13. The network system (100) according to one of the claims 1 to 12, wherein

the repository (101) stores the data segments (103) of each container (102) in a first storage and stores the first segment metadata (104) of each container (102) in a second storage, which can be different from the first storage.

14. The network system (100) according to claim 13, wherein the first storage further stores, for each container (102), also the first segment metadata (104) of the container (102).

15. The network system (100) according to claim 13 or 14, wherein

the read latency of the second storage is not higher than the read latency of the first storage, and/or

preferably the second storage is a solid state drive, SSD, or is a serial attached SCSI, SAS, storage and/or the first storage is a serial advanced technology attachment, SATA storage.
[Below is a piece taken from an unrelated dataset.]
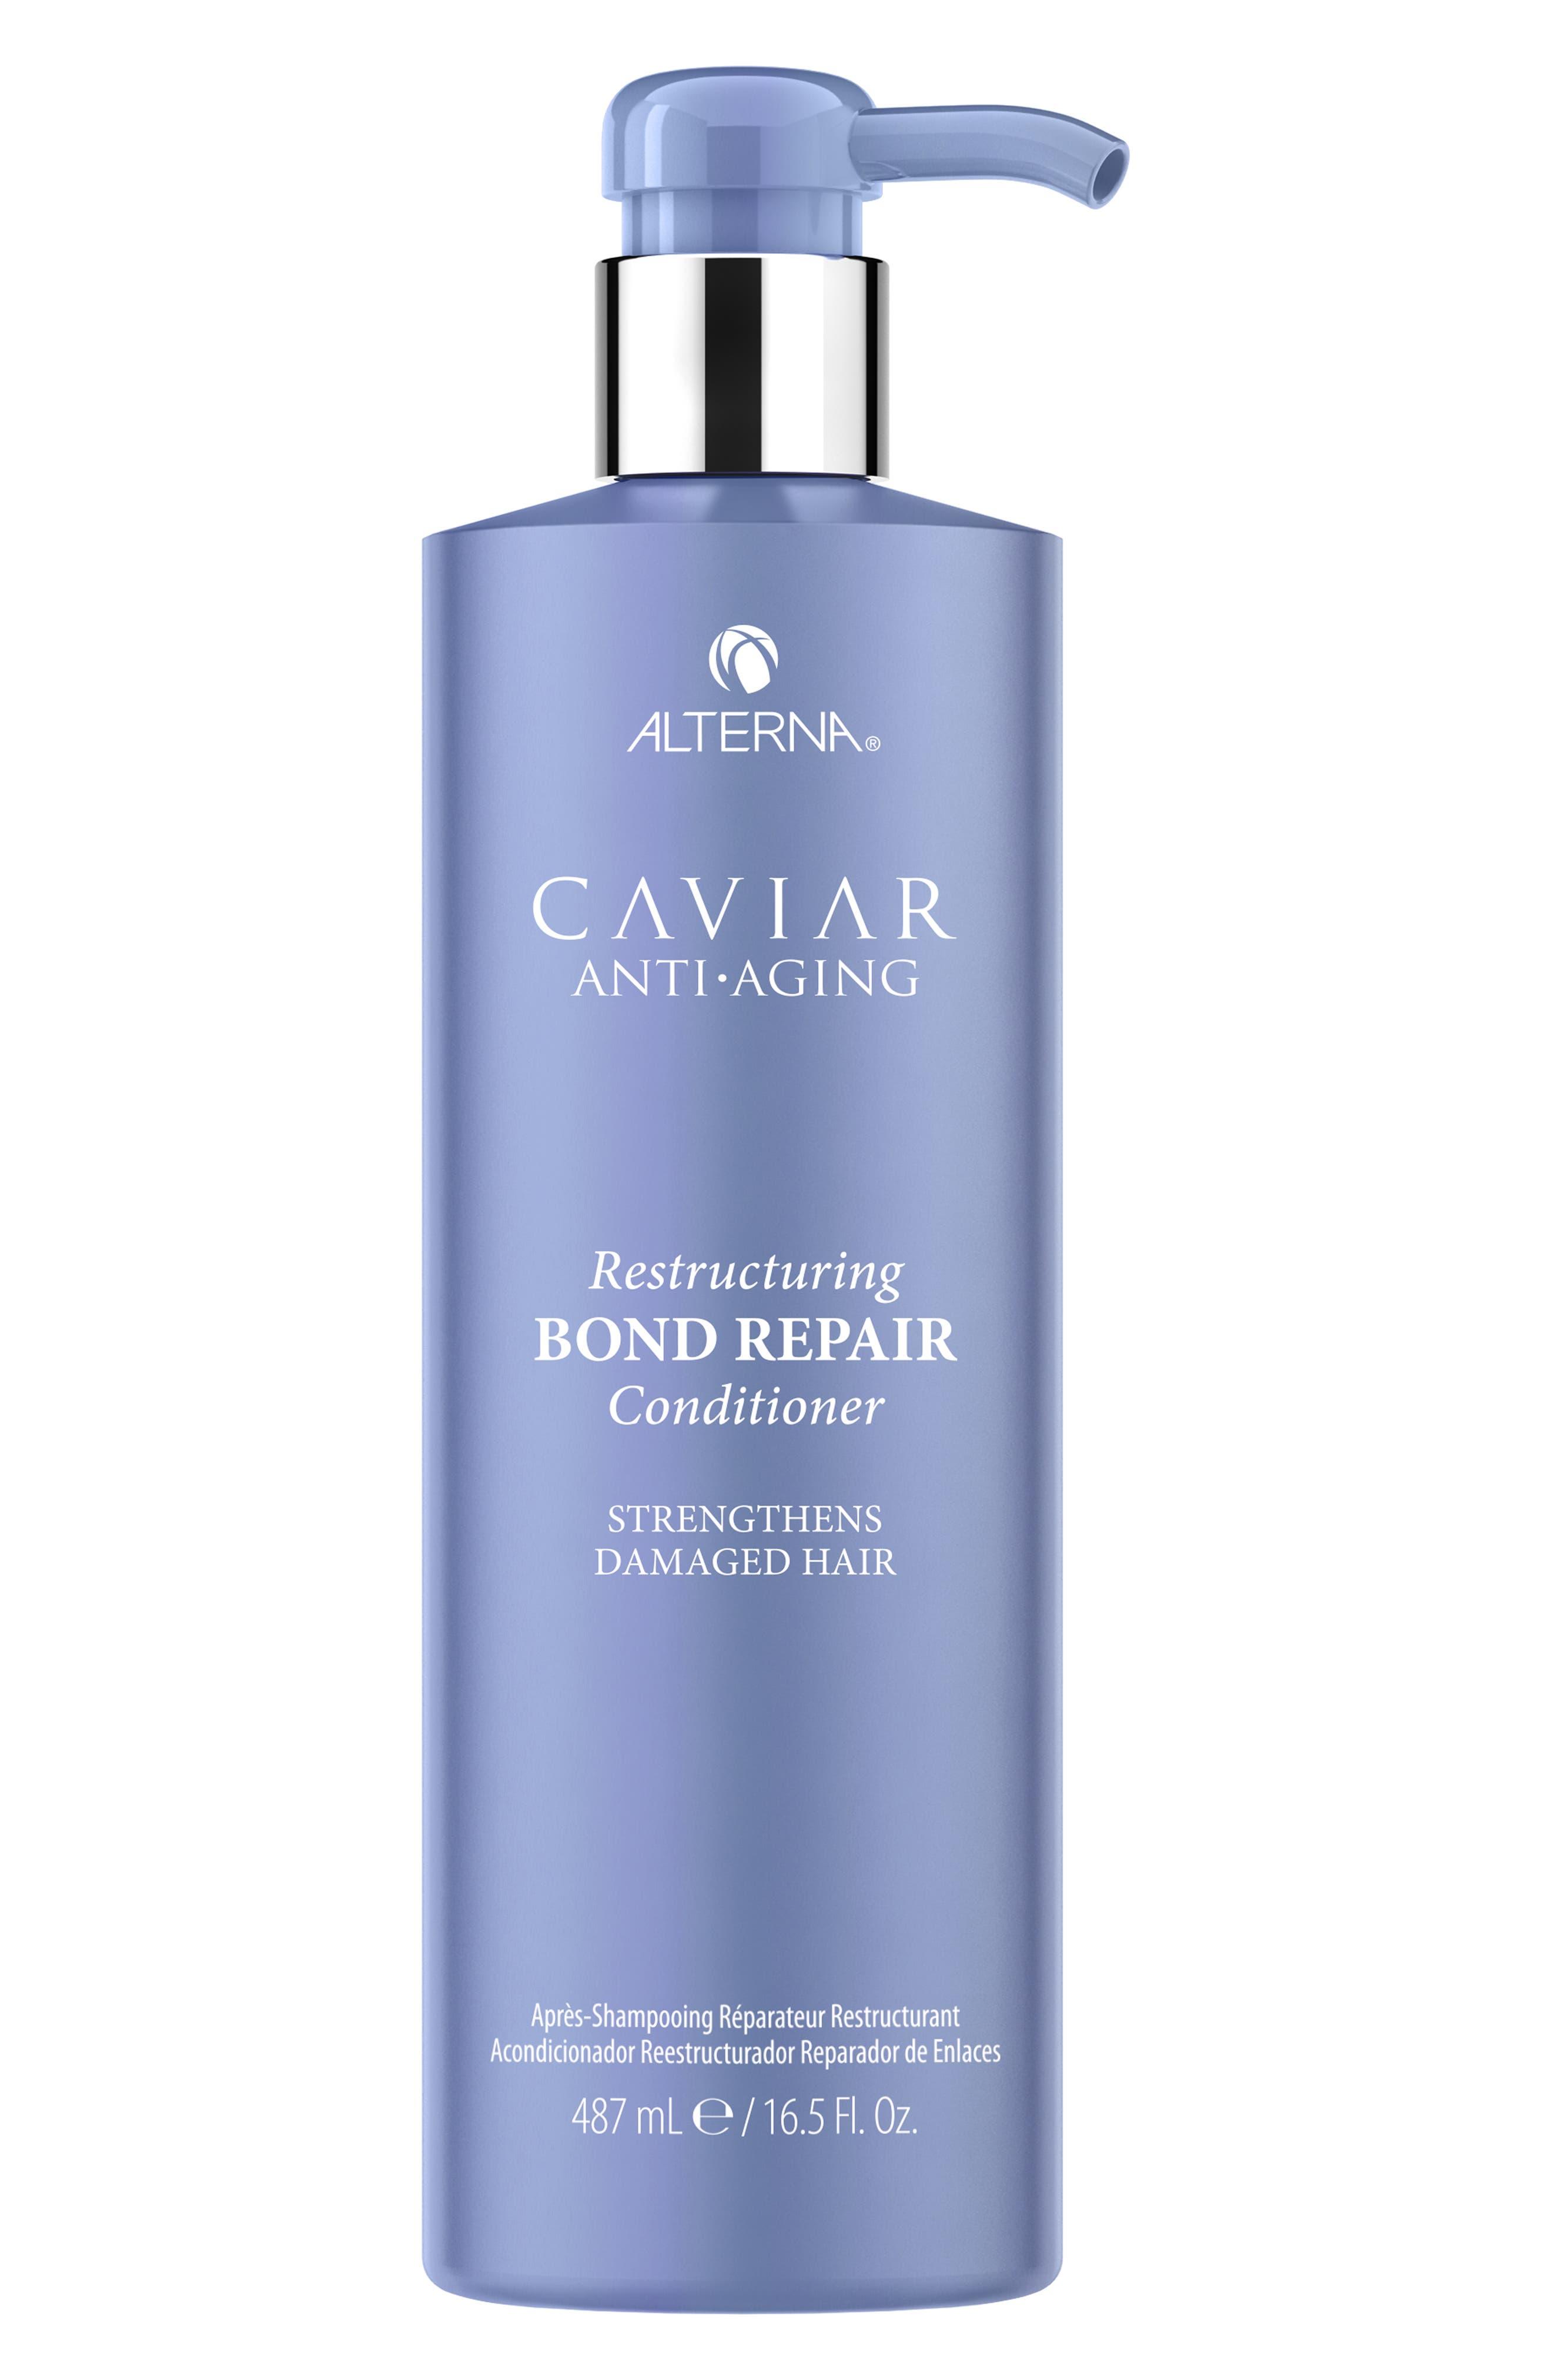 Alterna Caviar Anti-Aging Restructuring Bond Repair Conditioner

16. Method (700) for storing deduplicated data, the method (700) comprising

storing (701) one or more containers (102) in a common network accessible repository (101), each container (102) including one or more data segments (103) and first segment metadata (104) for each data segment (103), and

storing (702), in a plurality of backup nodes (105), second segment metadata

(106) for each data segment (103) of at least one container (102) in the repository (101), the second segment metadata (106) including at least a liveness indicator (107) for each data segment (103) of the container (102). 17. Computer program product comprising a program code for controlling a network system (100) according to one of the claims 1 to 15 or for performing, when running on a computer, the method (700) according to claim 16.